(acredito que não seja adequado aqui no tópico de off-topic, visto ter carácter mais político, mas segue)
Não, não acho que nenhuma turma tenha boas intenções. Não sei se nem mesmo “elas” possuem más intenções, pois seria necessário provas concretas dos motivos. Mas posso sem dúvidas dizer que tanto as propostas, quanto os vetos tiveram caráter político pois foram organizados por agentes políticos, por meio de estratégias previamente discutidas entre pares. O que isso quer dizer? Para não me desviar do assunto, segue menção do texto original vetado (VEP-427):
Comunicação enganosa em massa
Art. 359-O. Promover ou financiar, pessoalmente ou por interposta pessoa, mediante uso de expediente não fornecido diretamente pelo provedor de aplicação de mensagem privada, campanha ou iniciativa para disseminar fatos que sabe inverídicos, e que sejam capazes de comprometer a higidez do processo eleitoral:
Pena - reclusão, de 1 (um) a 5 (cinco) anos, e multa.”
Portanto, o artigo trata apenas de ato em situações eleitoreiras e na qual o agente que comete o ato tem prévio conhecimento de comunicar informação falsa, devendo num processo investigativo ser comprovado tal ciência.
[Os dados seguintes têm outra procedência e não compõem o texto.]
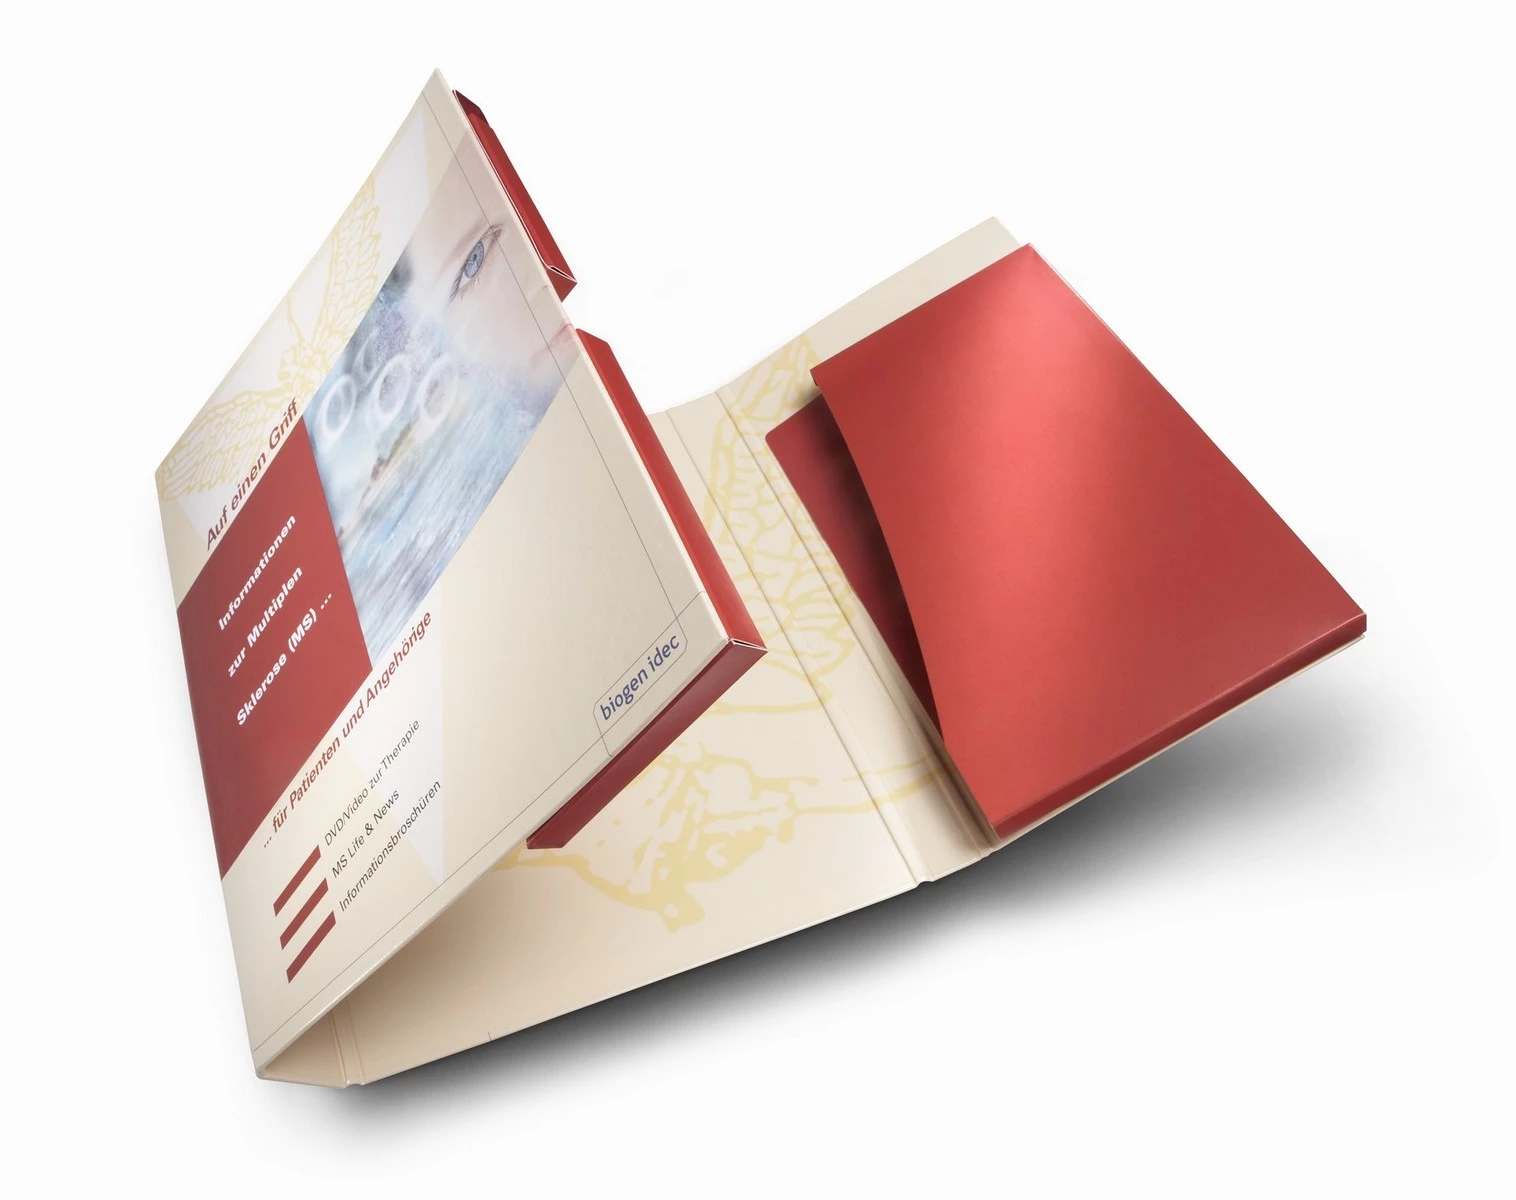 Musterbuch aus Karton bedruckt / Cardboard sample book printed

São ocorrências diferentes das reclamadas aqui quanto a ideia geral de “liberdade de expressão”. Podemos ponderar que a menção de tal artigo tem a possibilidade de estar apenas presente como referência a problemas passados vindos a público em outros países no decorrer dos anos anteriores, sem possível vínculo com nossa situação. Entretanto vejo essa situação também improvável, visto que o inquérito da fake news está ocorrendo e quem propôs o artigo foi o partido de oposição.
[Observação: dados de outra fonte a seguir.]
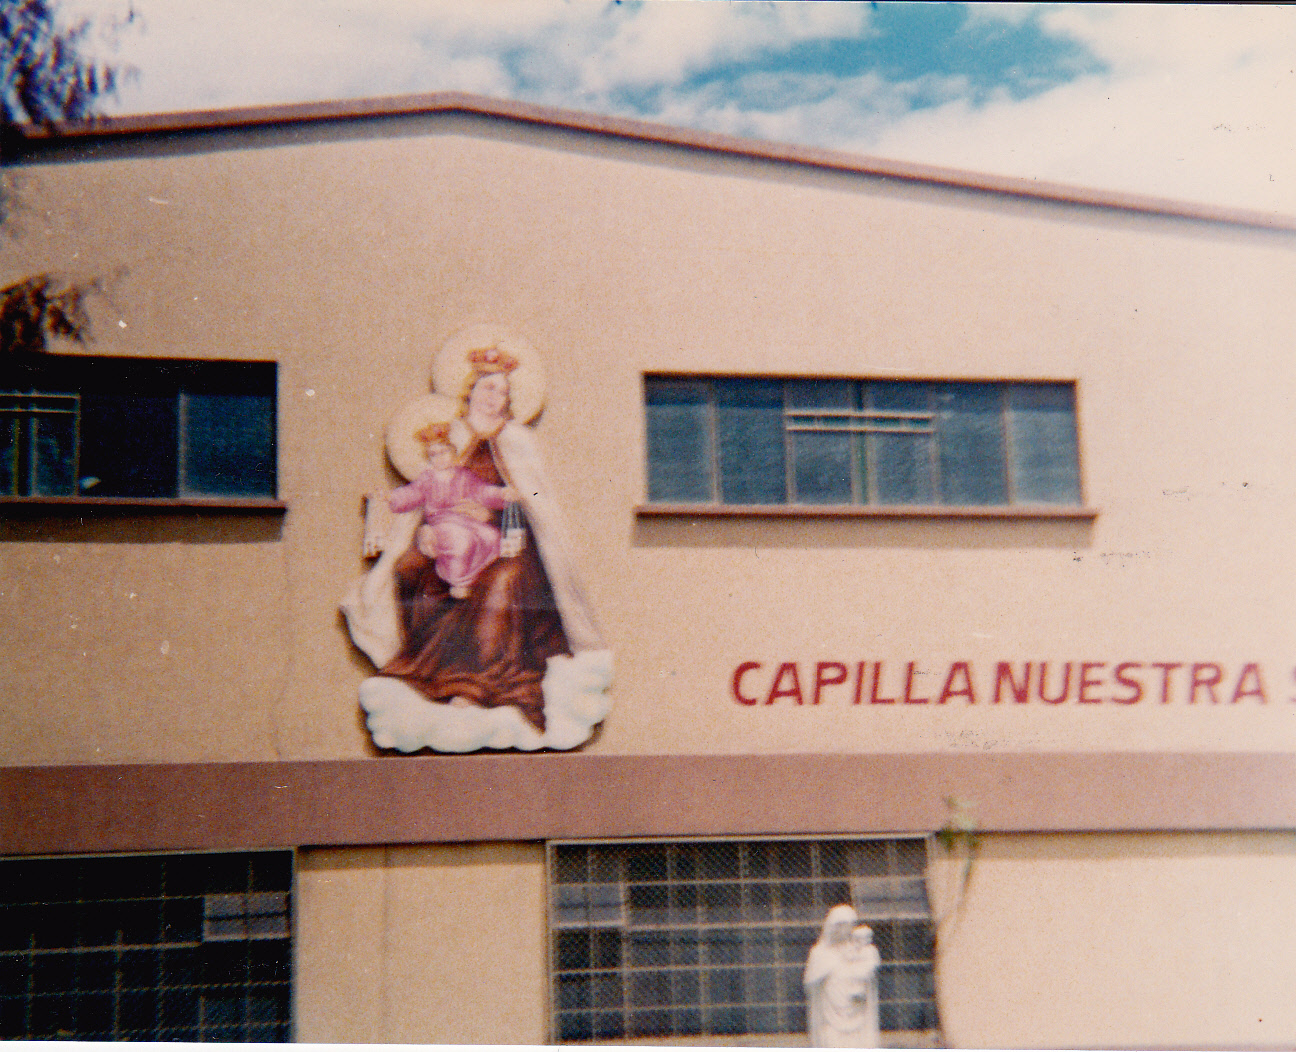 https://arquimedia.s3.amazonaws.com/330/historia/capilla-nsc1jpg.jpg
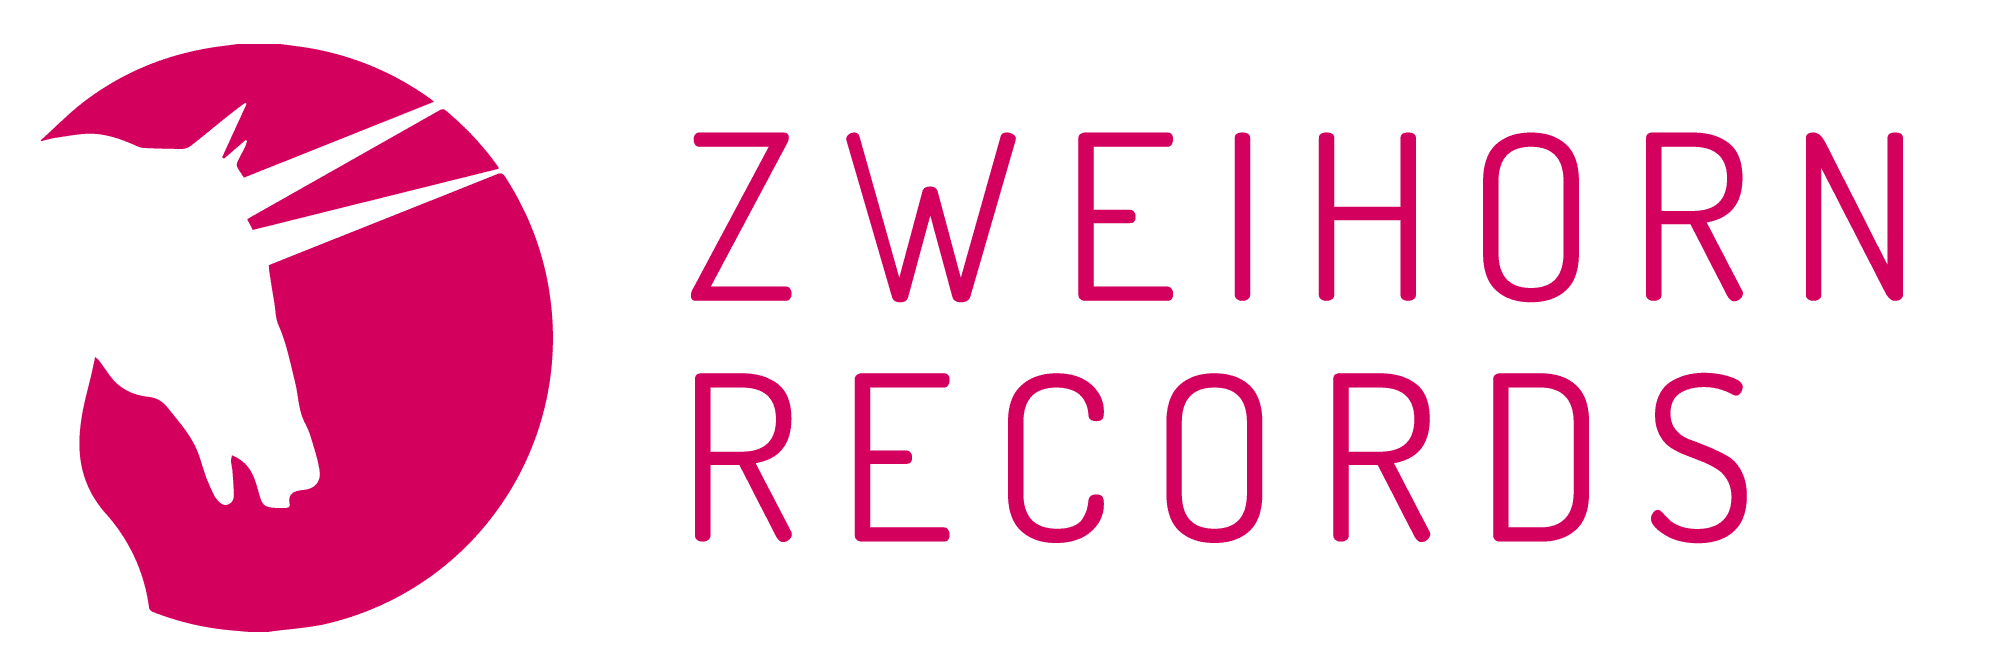 Zweihorn Records Shop

Da mesma forma, olhando por prisma diferente, o artigo em si, fora do objeto de tal situação, me parece ser plausível, e como dito em outra mensagem, não oferece risco libertário real, sendo em si positivo por simplesmente tipificar o ato, e não inibir em si penalidades por outros artigos do código civil (além disso, comunicação enganosa existe por diversos outros meios, já sendo tipificado neses, como comunicação enganosa em propagandas). Em outro momento teria passado batido e possivelmente seria visto como positivo por qualquer um.
Gostaria de lembrar que, da mesma forma que o assunto foi trazido à tona provavelmente por partido de oposição, por real provável interesse político, muitos assuntos foram trazidos também à tona pelo governo quando oportuno (por exemplo, voto impresso, que não possuía expressão popular antes de ter sido trazido à tona como bandeira do governo). Acredito que haja uma má interpretação da mídia. A mídia em si é muito menos ideológica do que acreditam (não que não seja). É preciso encarar que ela é formada de diversas pessoas, de diversas origens, com pensamentos diversos e que nelas estão procurando o mesmo que você: “trabalho para se sustentar”. A principal finalidade da mídia é para a criação de uma agenda de assuntos (caso queiram saber mais procurem sobre “agenda setting”). Não é necessário controlar a mídia, basta direcioná-la para que uma pauta em questão esteja em voga. O ruim é quando esse processo de agenda é criado espontaneamente com o intuito de mascarar outros fatos que deveriam ser mais importantes. Devo acrescentar ainda que as mídias são reguladas, mas infelizmente não por uma lei específica (tendo no seu centro o Còdigo Brasileiro de Telecomunicações), e como tal as comunicações são frutos de diversas disputas legais quando envolvem grandes mídias. Jornais e TVs são recorrentemente processados. Temos hoje a vantagem de podermos obter informações por outros meios mas, a bem da verdade, as pessoas sabem como esses outros meios também se financiam e quais são suas fontes?
Da minha percepção e experiência que tive com eleições e políticos, não vale a pena se envolver afetivamente com as pautas divulgadas na mídia e mesmo transitadas na internet por meio de redes sociais (isso não quer dizer que não deva discuti-las). Elas te distanciam, separam e nos enfraquecem como povo. Tenho dificuldades de entender do porque defender um partido, um político, um poder ou apenas uma ideologia. Eles não merecem nossa proteção e sim nossa constante cobrança.